ANALYSIS OF THE INTERACTIONS OF ACTIN DEPOLYMERIZING FACTOR WITH G-ACTIN AND F-ACTIN

Chick actin depolymerizing factor (ADF) is an actin binding protein previously shown to rapidly depolymerize actin filaments in vitro, yielding a 1:1 complex of ADF and actin monomer. Here we show that ADF protects actin monomer from denaturation by EDTA by inhibiting the exchange of actin-bound nucleotide. Under low ionic strength conditions, the approximate dissociation constant (K(D)) for the ADF-actin complex determined from exchange of nucleotide (1,N6-etheno-ATP) is about 150 nM and is calcium-independent. Addition of ADF to monomeric actin inhibits actin assembly as well as the ATP hydrolysis that normally accompanies assembly. Complex formation is demonstrated between ADF and actin containing either ATP, ADP, or AMPPNP as the bound nucleotide. A K(D) of 0.1-0.2 muM was calculated for both the ADF-ATP-actin and ADF-AMPPNP-actin complexes, whereas the K(D) for the ADF-ADP-actin complex is about 1.3 muM. ADF can either depolymerize or cosediment with F-actin in a stoichiometric fashion, but these reciprocal activities are pH-dependent. At pHs between 6.5 and 7.1, ADF cosediments with F-actin and demonstrates only weak depolymerizing activity. ADF binding is cooperative and saturates at a 1:1 ADF:actin molar ratio. At pHs between 7.1 and 7.7, ADF shows increasing depolymerizing activity and less F-actin binding. At pH 8.0, ADF depolymerizes F-actin in a stoichiometric manner. Both the F-actin binding and the depolymerizing activities of ADF are inhibited by phalloidin.
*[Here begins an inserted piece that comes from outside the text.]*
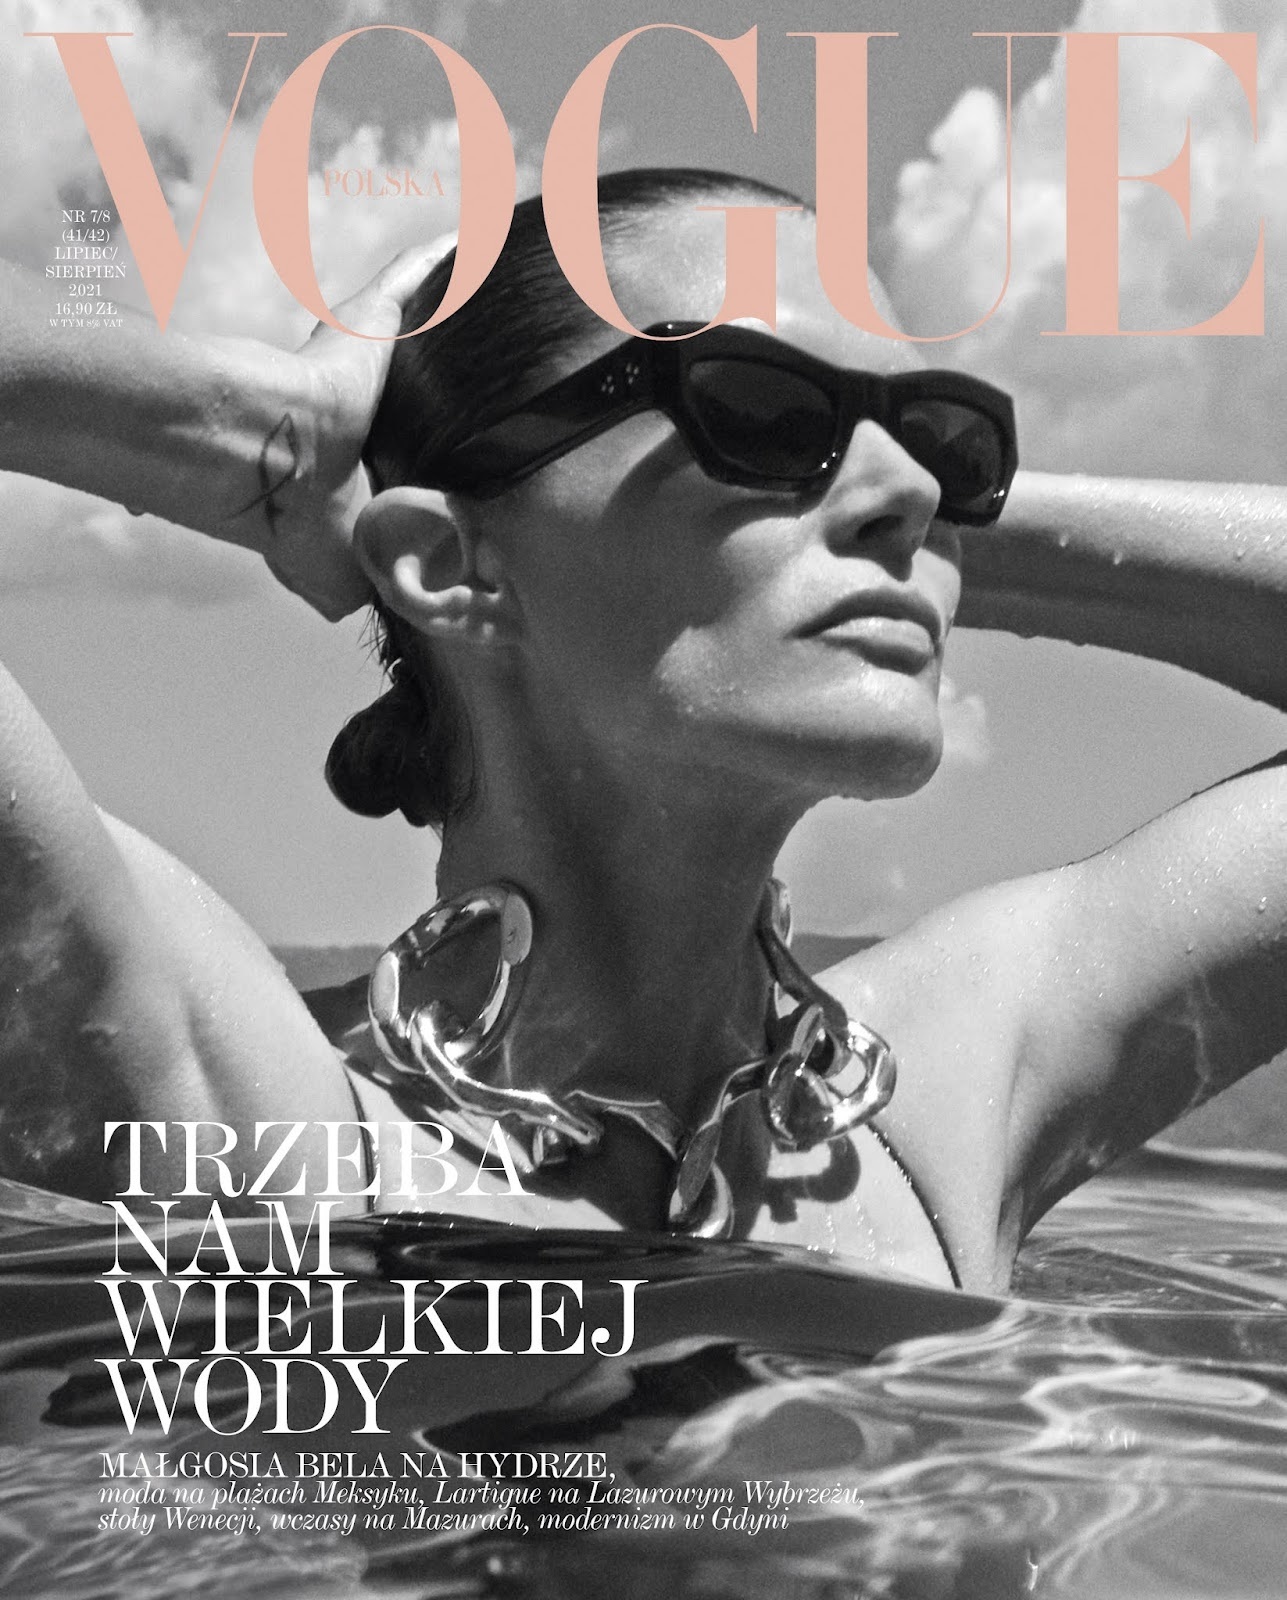 Vogue Poland August 2021 Cover Story Editorial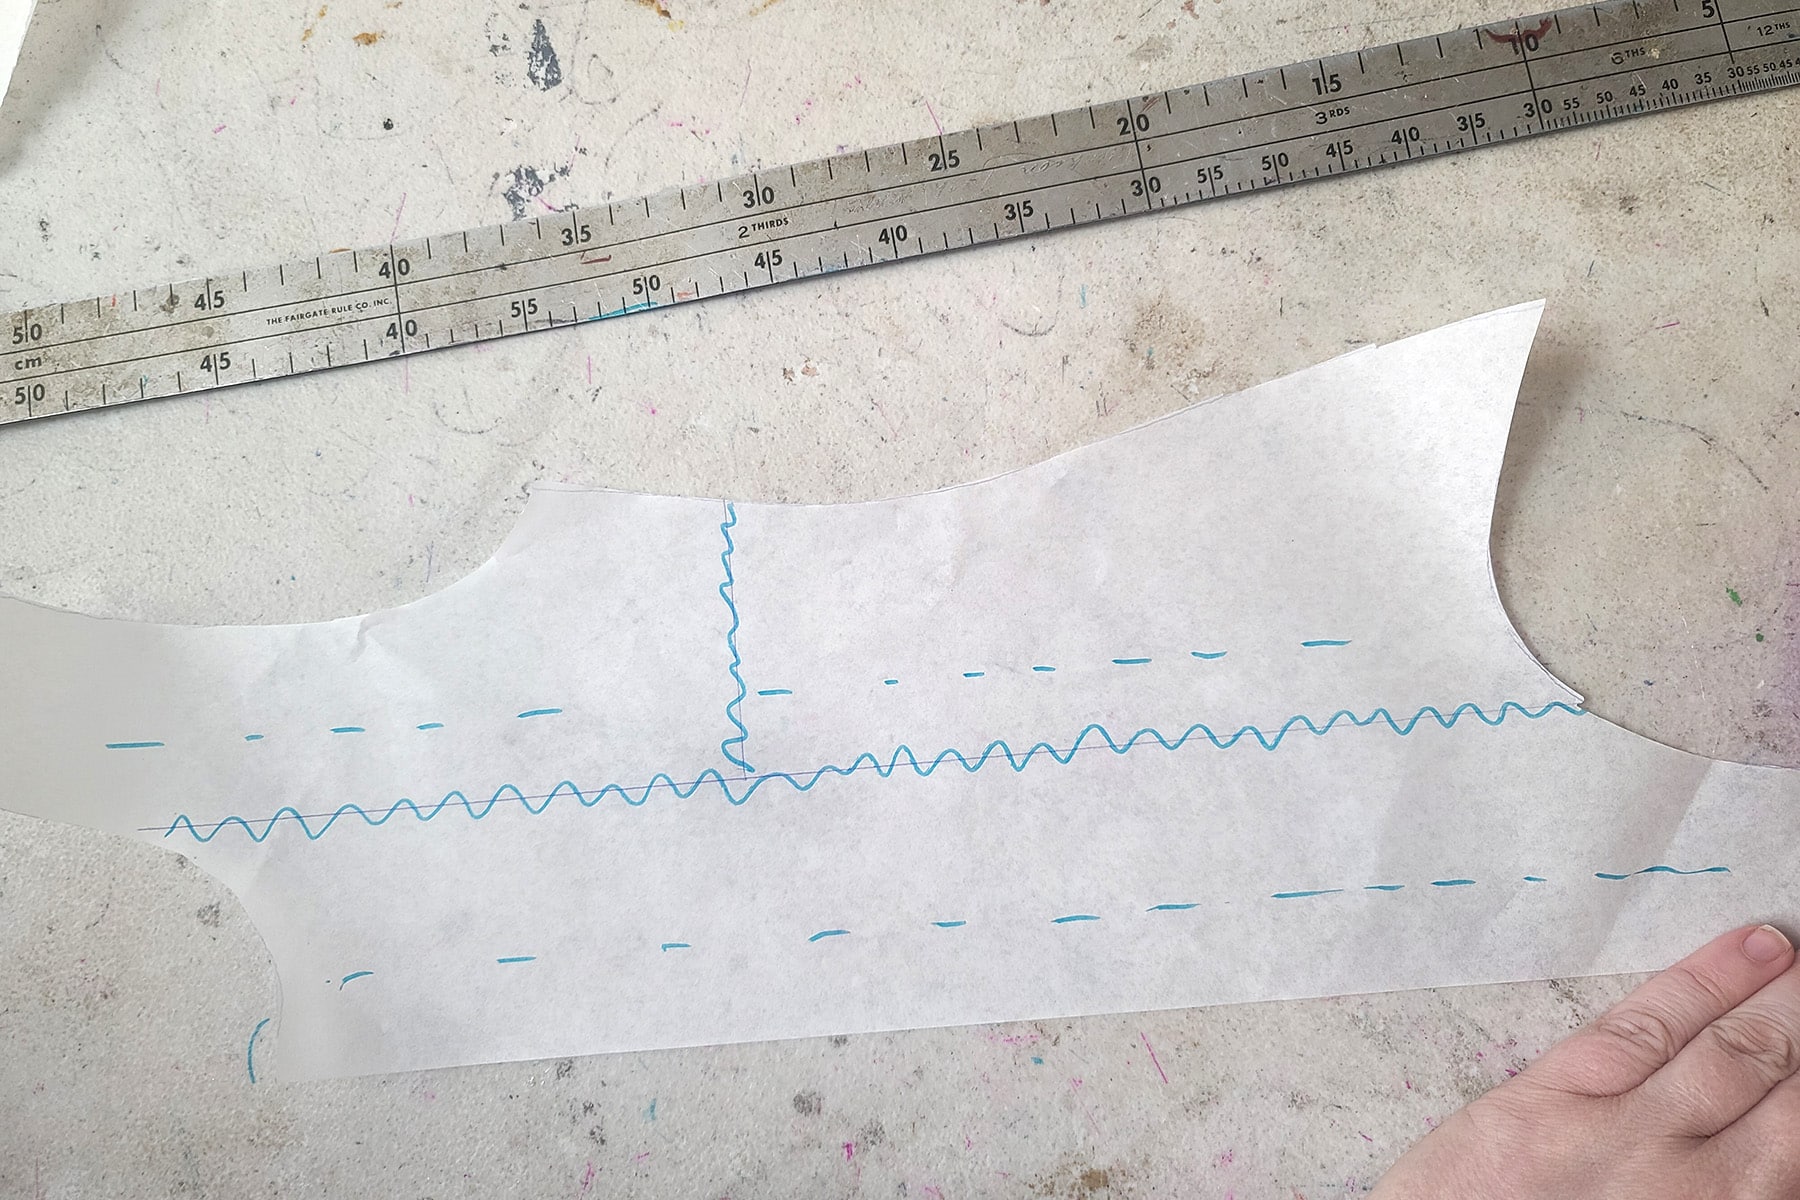 The leotard pattern piece now has a bright blue wavy line drawn over each of the design lines that divided it into 3 sections.

At pH 8.0, substoichiometric quantities of ADF, but not ADF-actin complex, transiently enhance the nucleating ability of F-actin solutions in a calcium-insensitive manner, suggesting that ADF has a weak severing activity, but does not cap the filament ends in a manner that inhibits the restoration of the original filament number. We conclude from these results that ADF is a noncapping, calcium-independent, pH sensitive F-actin binding/severing protein which is capable of forming moderate affinity complexes with actin monomers in which the nucleotide exchange is inhibited. The significance of these findings to a presumed cellular role for ADF is discussed.